Data to process:

======

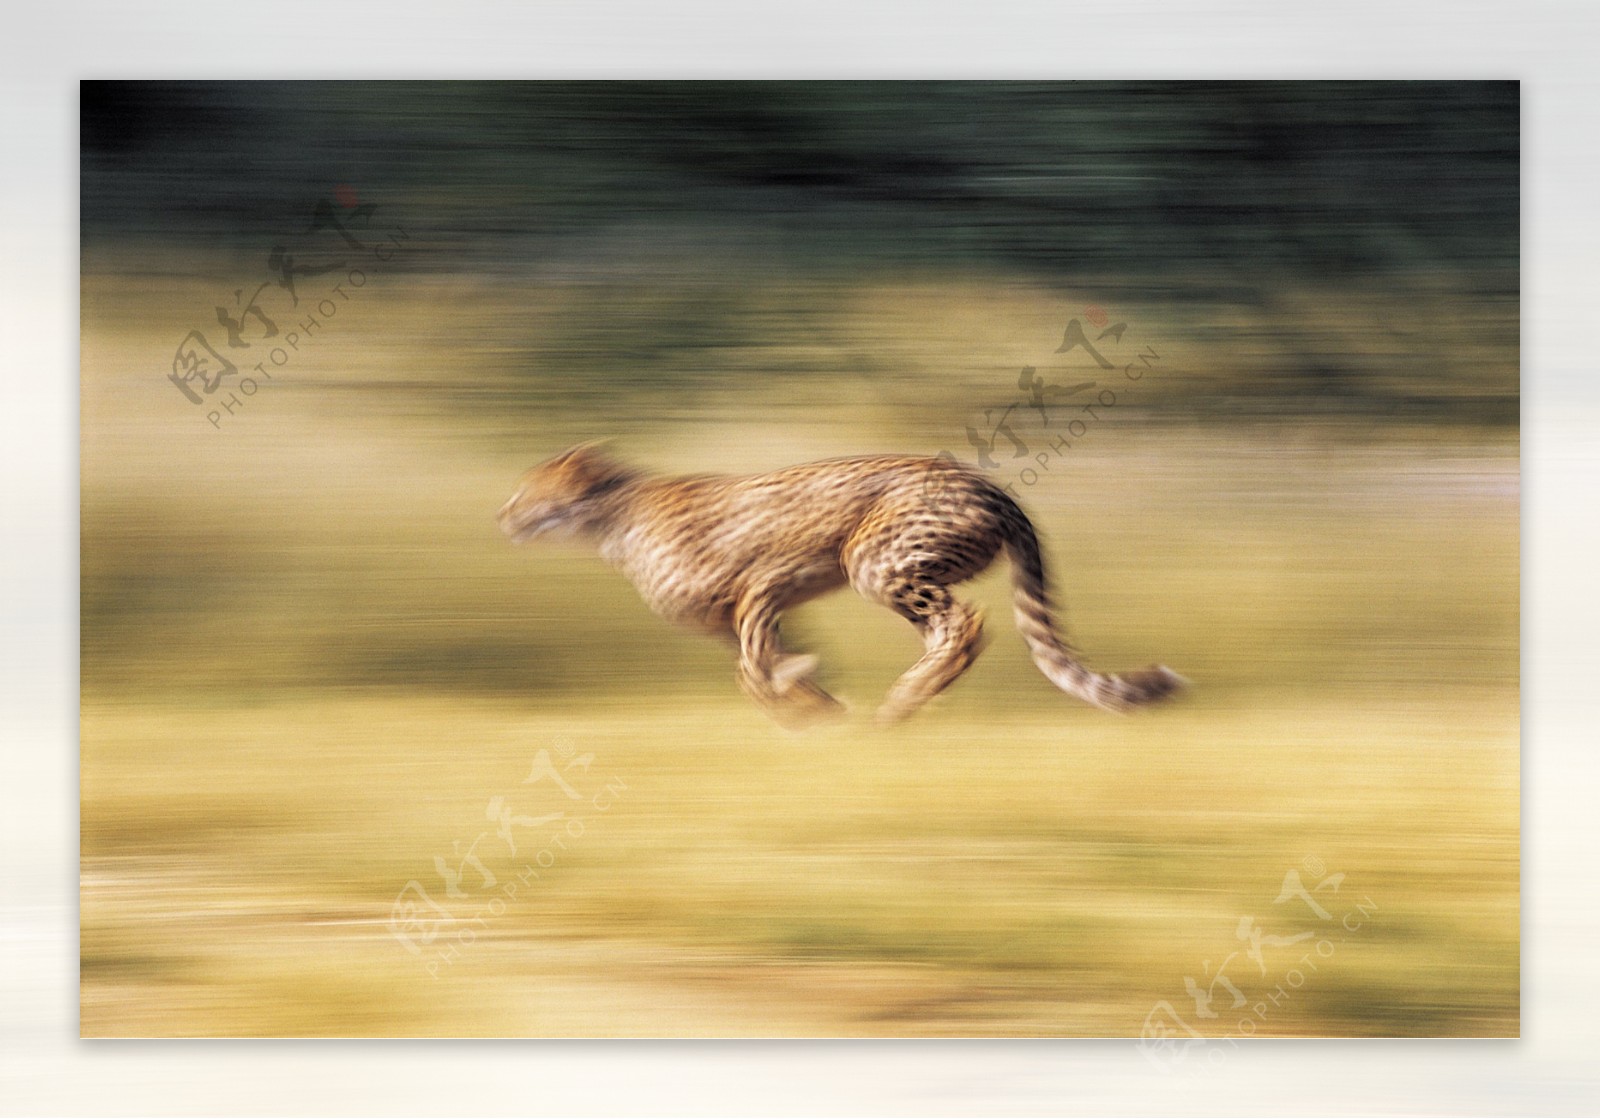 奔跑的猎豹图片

======

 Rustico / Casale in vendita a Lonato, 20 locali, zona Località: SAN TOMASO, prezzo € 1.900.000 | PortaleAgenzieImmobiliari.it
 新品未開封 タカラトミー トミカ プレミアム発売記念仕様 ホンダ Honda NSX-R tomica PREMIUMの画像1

======

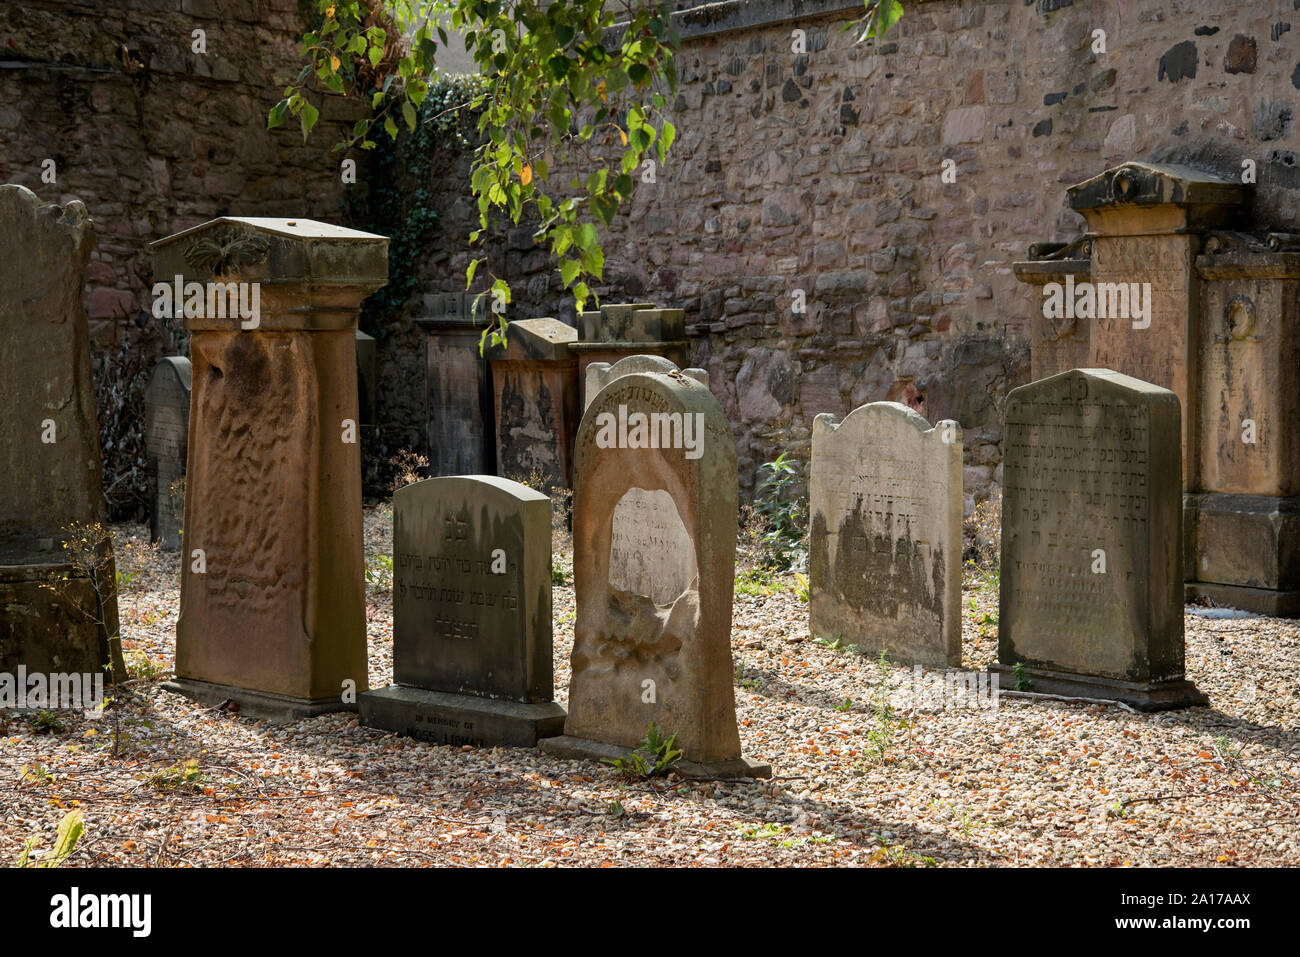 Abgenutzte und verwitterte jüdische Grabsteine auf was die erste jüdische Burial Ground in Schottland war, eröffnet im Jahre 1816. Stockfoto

======

Try it: The expected output is exactly the lines of the listing above between the line holding "Rustico / Casale" and the line holding "新品未開封 タカラトミー トミカ", inclusive.

Output for this task:
 Rustico / Casale in vendita a Lonato, 20 locali, zona Località: SAN TOMASO, prezzo € 1.900.000 | PortaleAgenzieImmobiliari.it
 新品未開封 タカラトミー トミカ プレミアム発売記念仕様 ホンダ Honda NSX-R tomica PREMIUMの画像1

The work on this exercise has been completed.